The following data needs to be repeated exactly, with all images excluded.

╭─ Data block

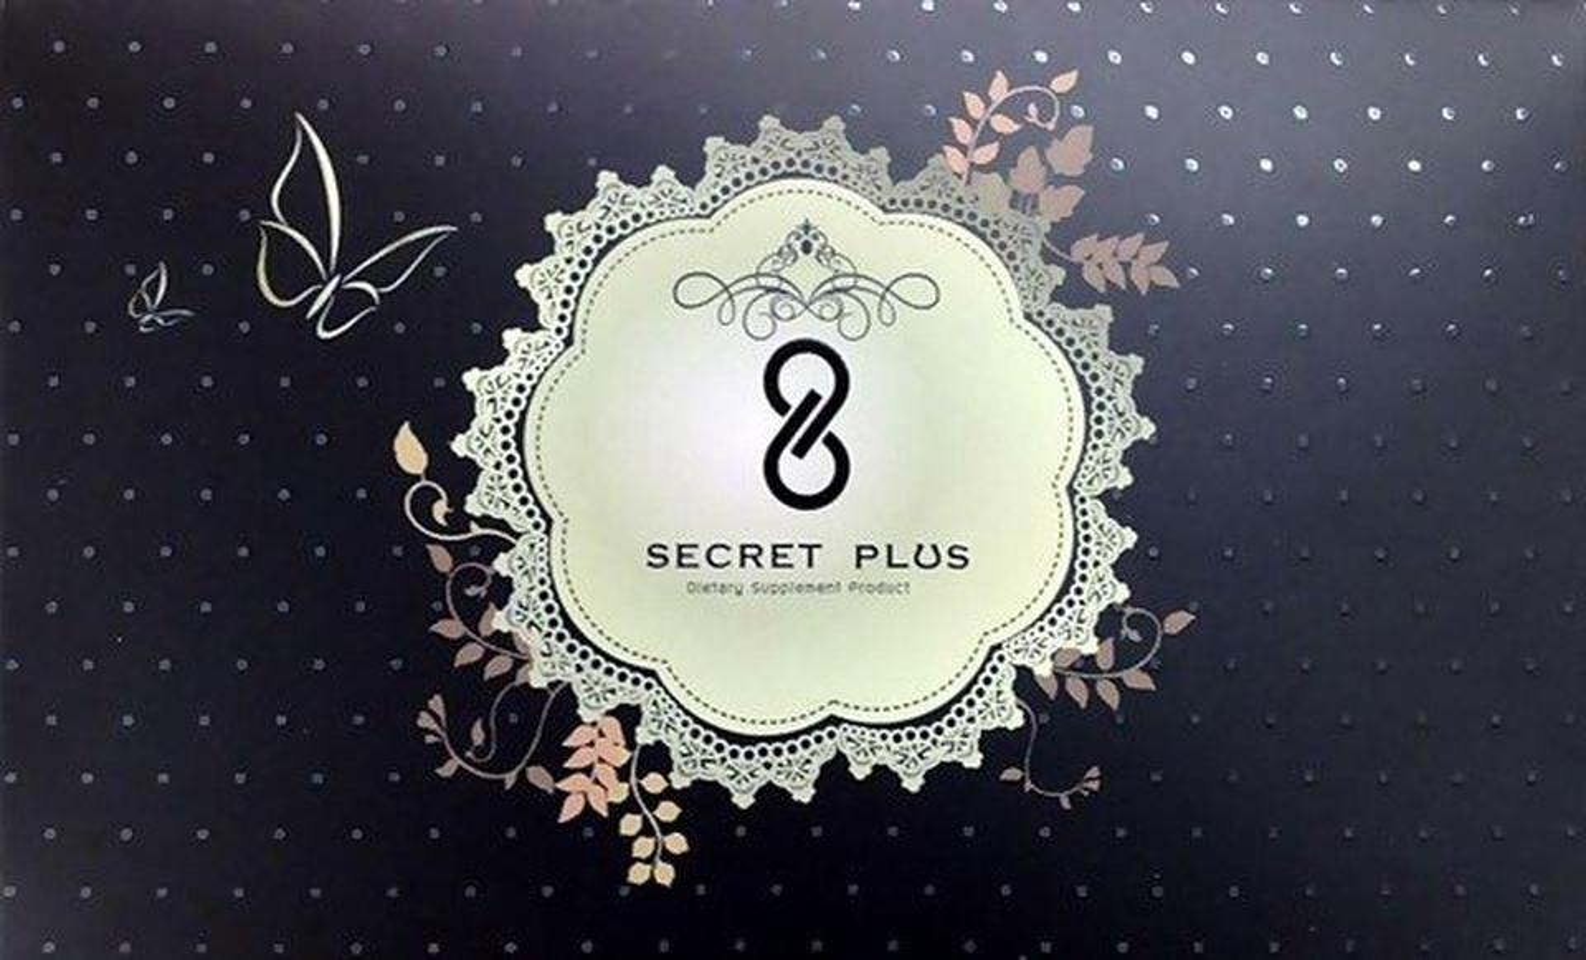 Secret Plus ซีเครทพลัส เพิ่มขนาดทรวงอก ให้อิ๋มอวบอิ่ม เพิ่มน้ำหล่อลื่นและอารมณ์เพศ รูปที่ 1
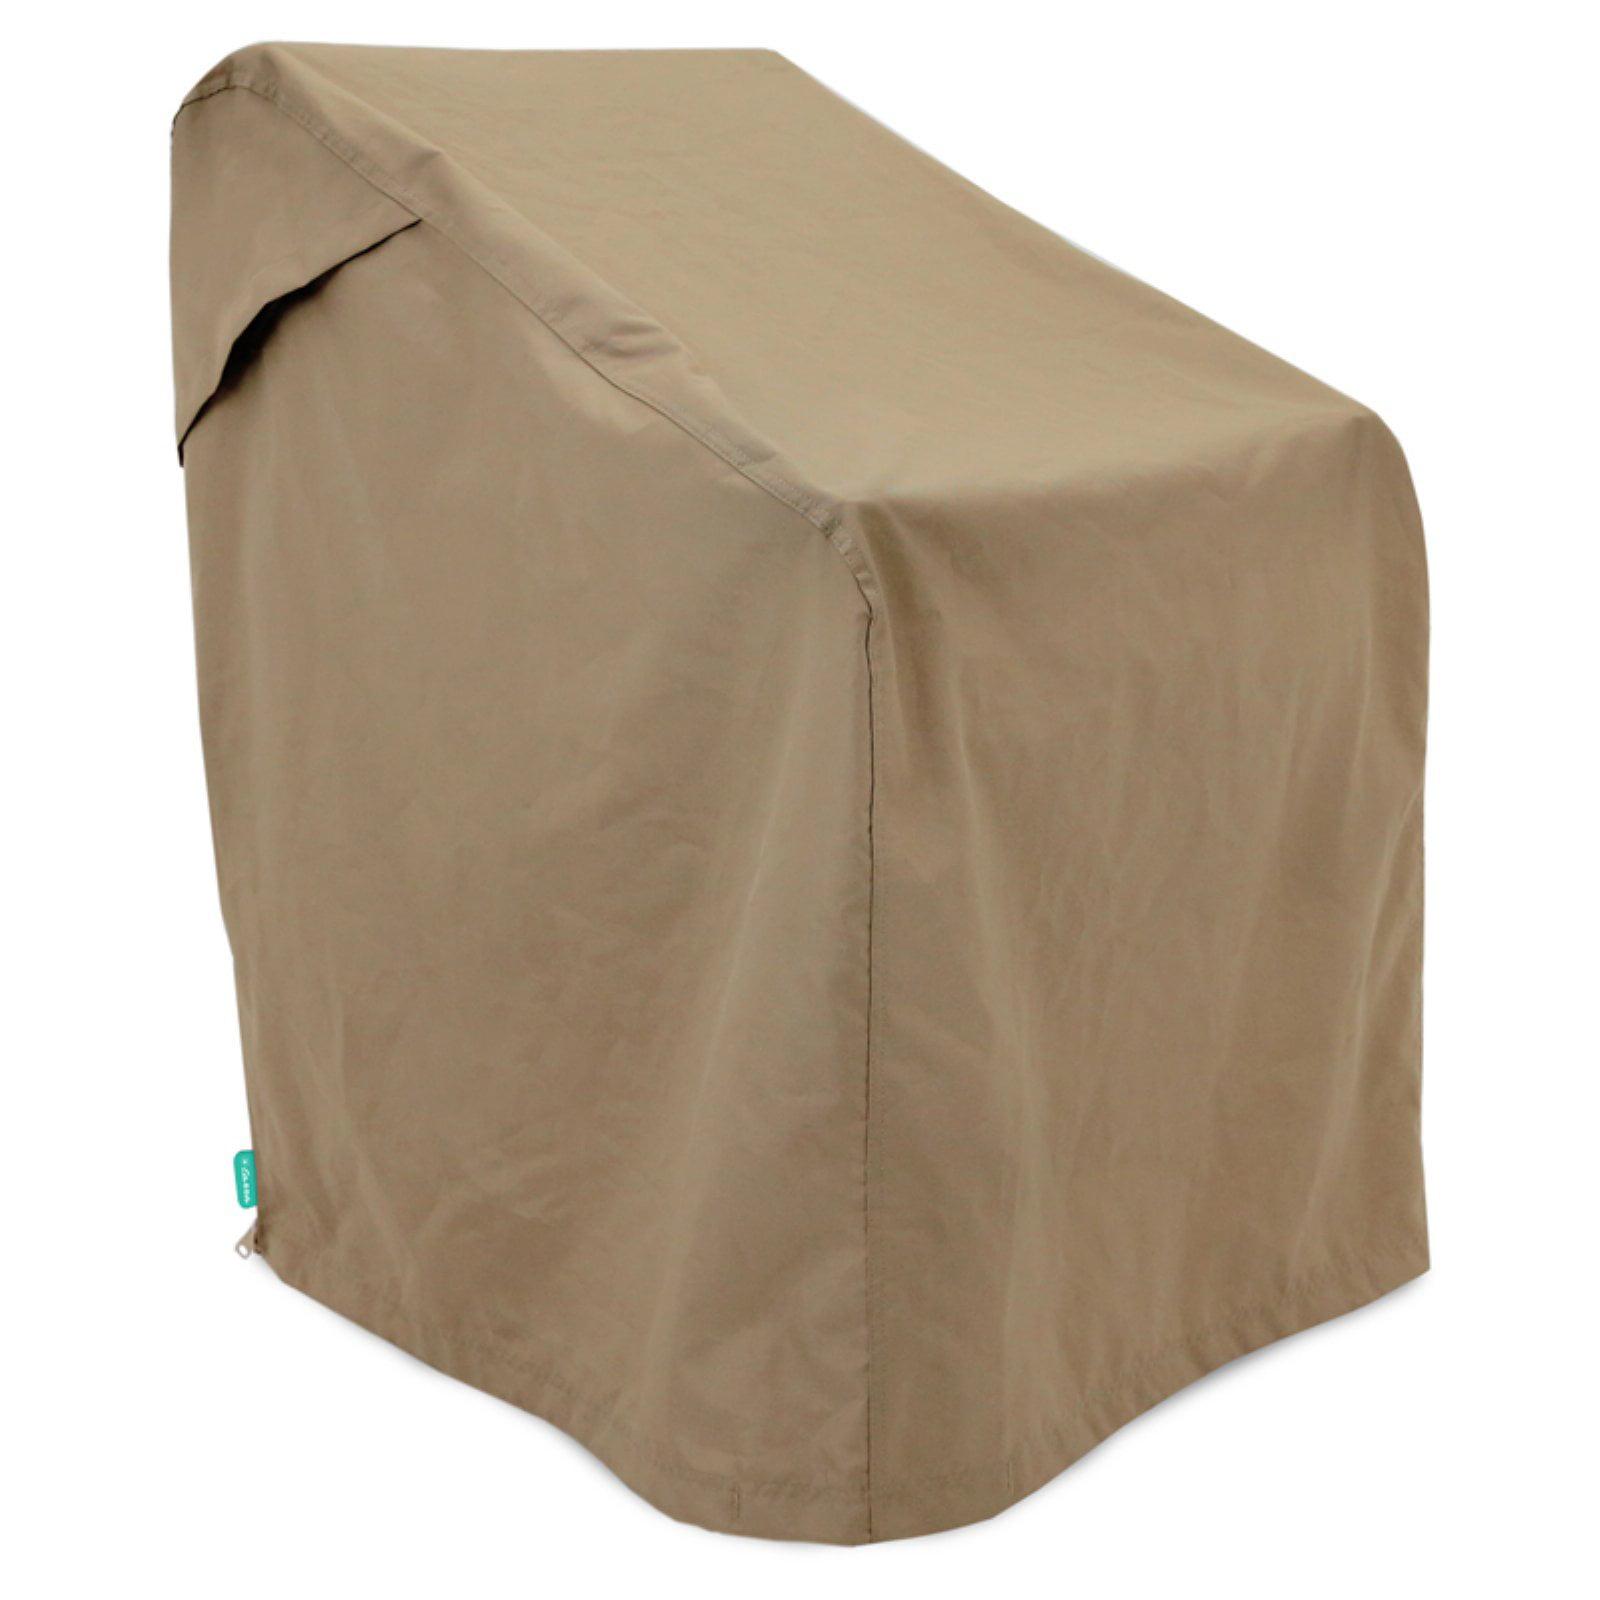 Tarra Home Universal Outdoor UFCCP463242PT Patio Chair Cover
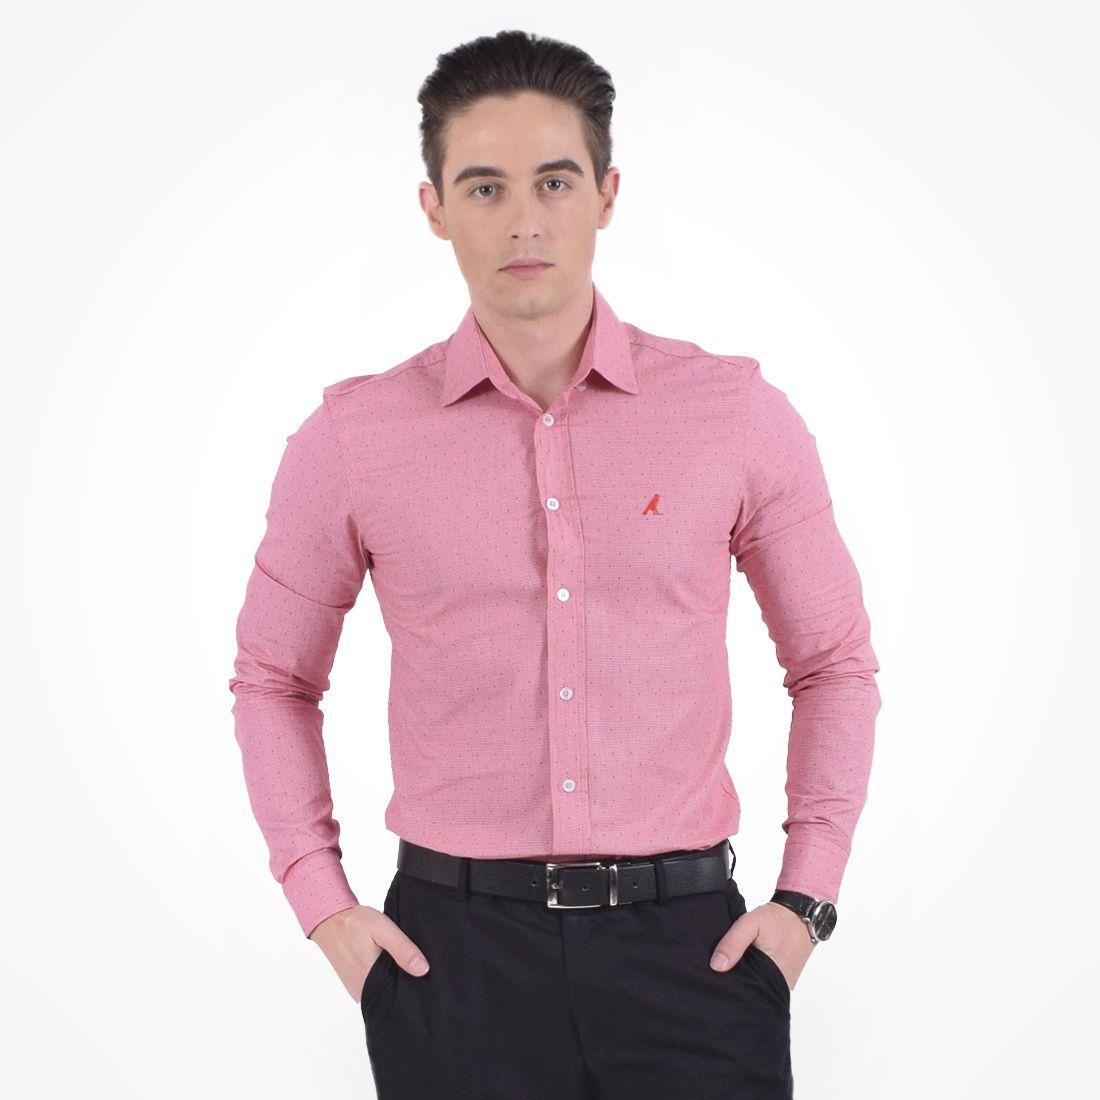 100207 - Camisa Social Vermelha Estampada Masculina Slim - LEVOK
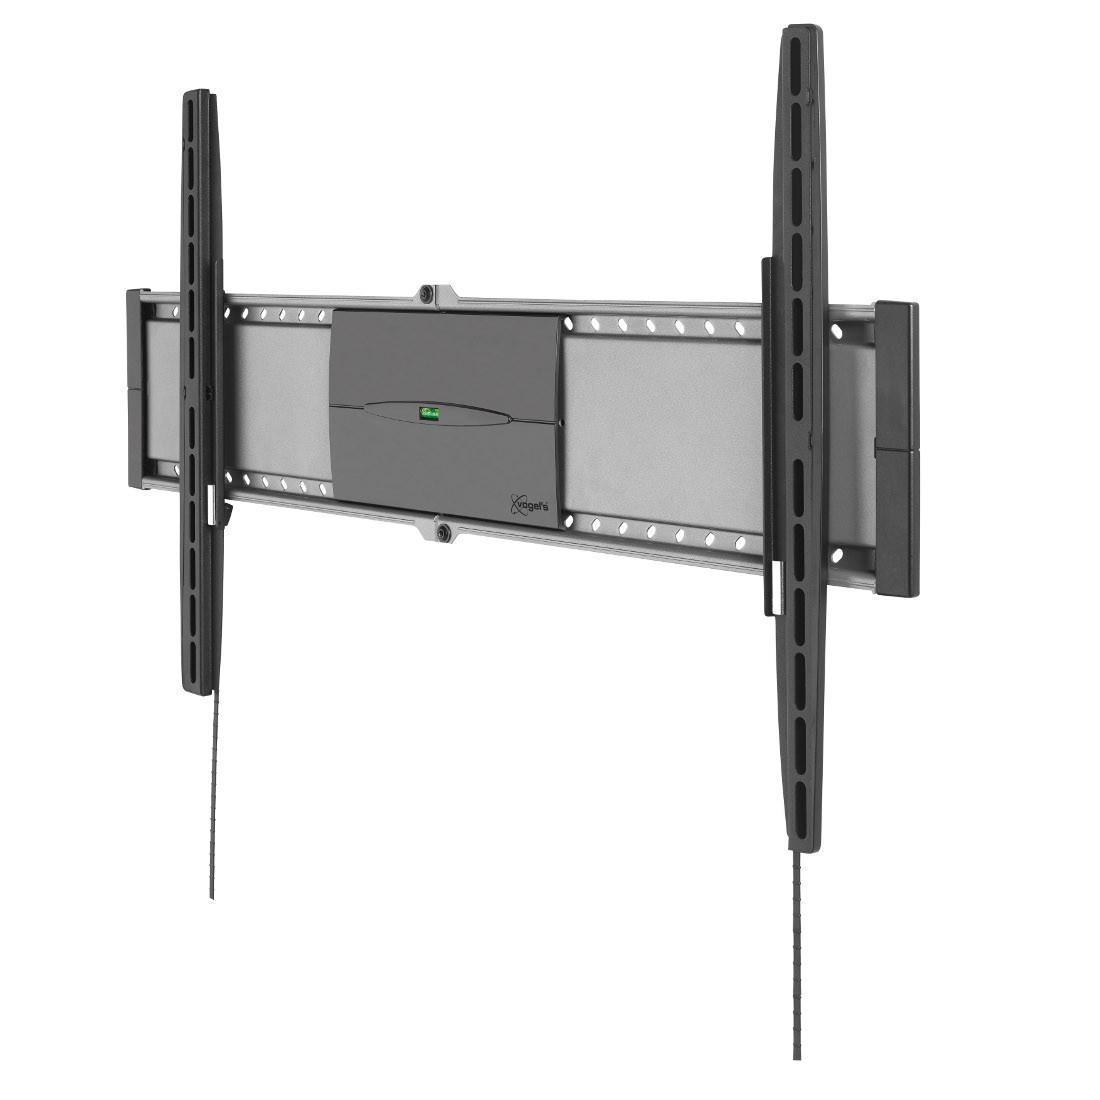 LCD-Wandhalter Superflat 7630, Vogel's günstig

╰─

■ **Solution for this problem**
 Secret Plus ซีเครทพลัส เพิ่มขนาดทรวงอก ให้อิ๋มอวบอิ่ม เพิ่มน้ำหล่อลื่นและอารมณ์เพศ รูปที่ 1
 Tarra Home Universal Outdoor UFCCP463242PT Patio Chair Cover
 100207 - Camisa Social Vermelha Estampada Masculina Slim - LEVOK
 LCD-Wandhalter Superflat 7630, Vogel's günstig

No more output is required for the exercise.